Hans Christian Andersen in his living room (1874)



It is somewhat difficult to imagine Hans Christian Andersen in the guise of Danny Kaye singing the theme song of Charles Vidor’s movie from 1952 and reconcile it with influences of Lord Byron. “Read Byron's biography, oh! he was just like me, even down to his little tattling; my soul is ambitious like his, it can only feel happy when admired by all“ Andersen wrote himself at the age of 20, suffering under the regime of grim schoolmaster Meisling during his catch up on a proper grammar school education, sponsored by Jonas Collin, director of the Royal Danish Theatre, who was one of Andersen’s first prominent patrons. And even though a lot of juveniles felt a Byronic streak of Promethic rebellion during their school years, Andersen carried on with it, beyond his popular international image of world literature’s arguably most prominent teller of fairy tales, i.e. children’s stories. Bitten by the travel bug, bisexual and with a gift for expressing grim humour and dark pathos, there are indeed parallels with his Romantic lordship but while Byron had the means, the mind and the mettle to act out many of his imaginations and become his own myth, Andersen’s demons remained firmly fastened to his imagination and wishful thinking and came to light only dressed up in quite harmless mannerisms and in the guise of his tales, dressed up in fairytale-like garb, more often than not. Up to the point that Andersen never engaged in physical relationships with other human beings, neither men nor women, even though there were love letters written to male friends and rejected marriage proposals, courtships and mentally intimate friendships with the female of the species, most notably the back then immensely famous Swedish opera singer Jenny Lind. She saw the eccentric poet as something of a brother, inspired him to write at least three of his fairy tales and thereby become the author of her household name “The Swedish Nightingale” and maybe she even became the role model of the Snow Queen who plays cruel games with poor Kay’s impaled heart.

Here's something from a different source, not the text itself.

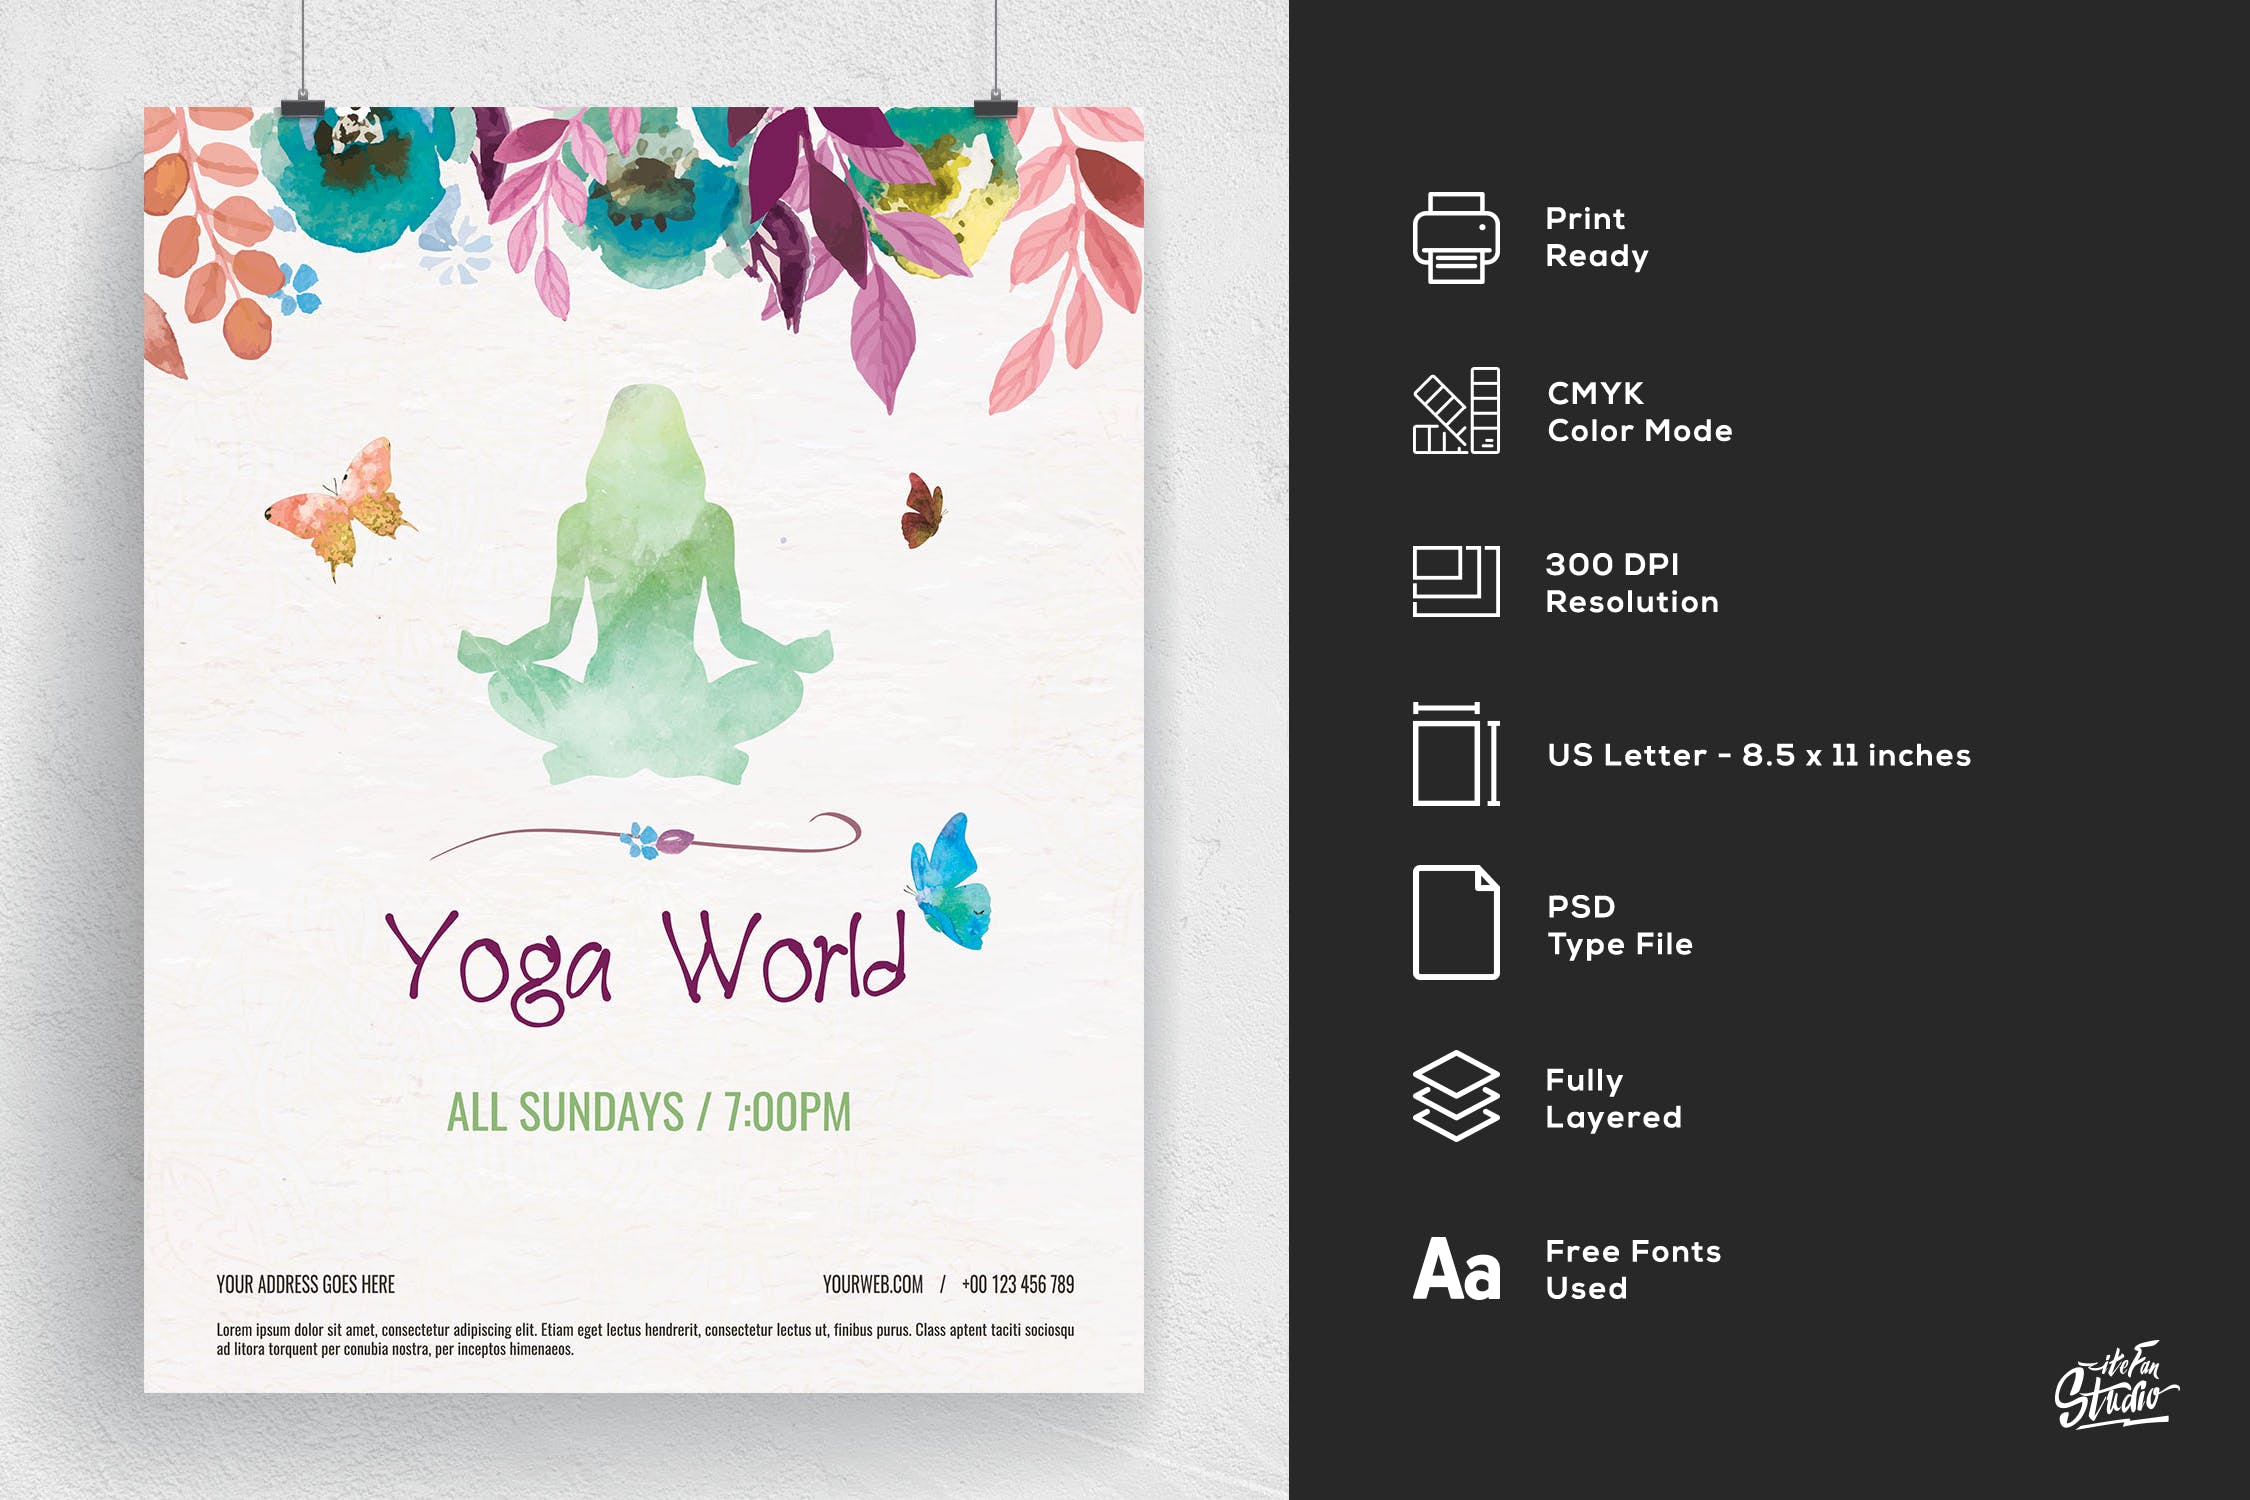 多彩水彩手绘设计风格瑜伽主题活动海报传单模板 Colorful Hand Painted Yoga World Flyer插图(1)

One of the paper cuts Andersen used to make for children and some of his lady friends*


There 
is more to Hans Christian Andersen than literary fairy tales. He wanted to become a dancer at first, then an actor, struggling with his humble origins as son of a cobbler and an alcoholic washerwoman from Odense, an ugly duckling indeed with barely an education to speak of, who had dreams of becoming a swan one day. He thirsted for baking in the limelight and he did, finally, after discovering his knack for storytelling in his late teens. Initially, he was at least as successful with novels, poems and travelogues as he was with his fairy tales and he found his patrons, his niche as something of a curiosity among the better classes of Denmark and his fame as an author already during his life and times. But his fairy tales stand out. As literary treatments and dreamwork, processing his many fears and imagined shortcomings as well as his wishful thinking into artificial archetypes firmly enshrined in Western thinking, from the lesson taught by the cheeky nipper in “The Emperor’s New Cloths”, the grimly poetic fate of the “Little Mermaid” and the sheer beauty of “Thumbelina” appealing to everyone’s inner child, young and old. “His own image; no longer a dark, grey bird, ugly and disagreeable to look at, but a graceful and beautiful swan. To be born in a duck's nest, in a farmyard, is of no consequence to a bird, if it is hatched from a swan's egg” and even if Andersen himself made himself believe that he was something of an illegitimate grandson of a Danish king along with other bloomers from the neurotic's family romance, he became a swan indeed, graceful and beautiful, whose song is sung in more than 125 languages across the globe.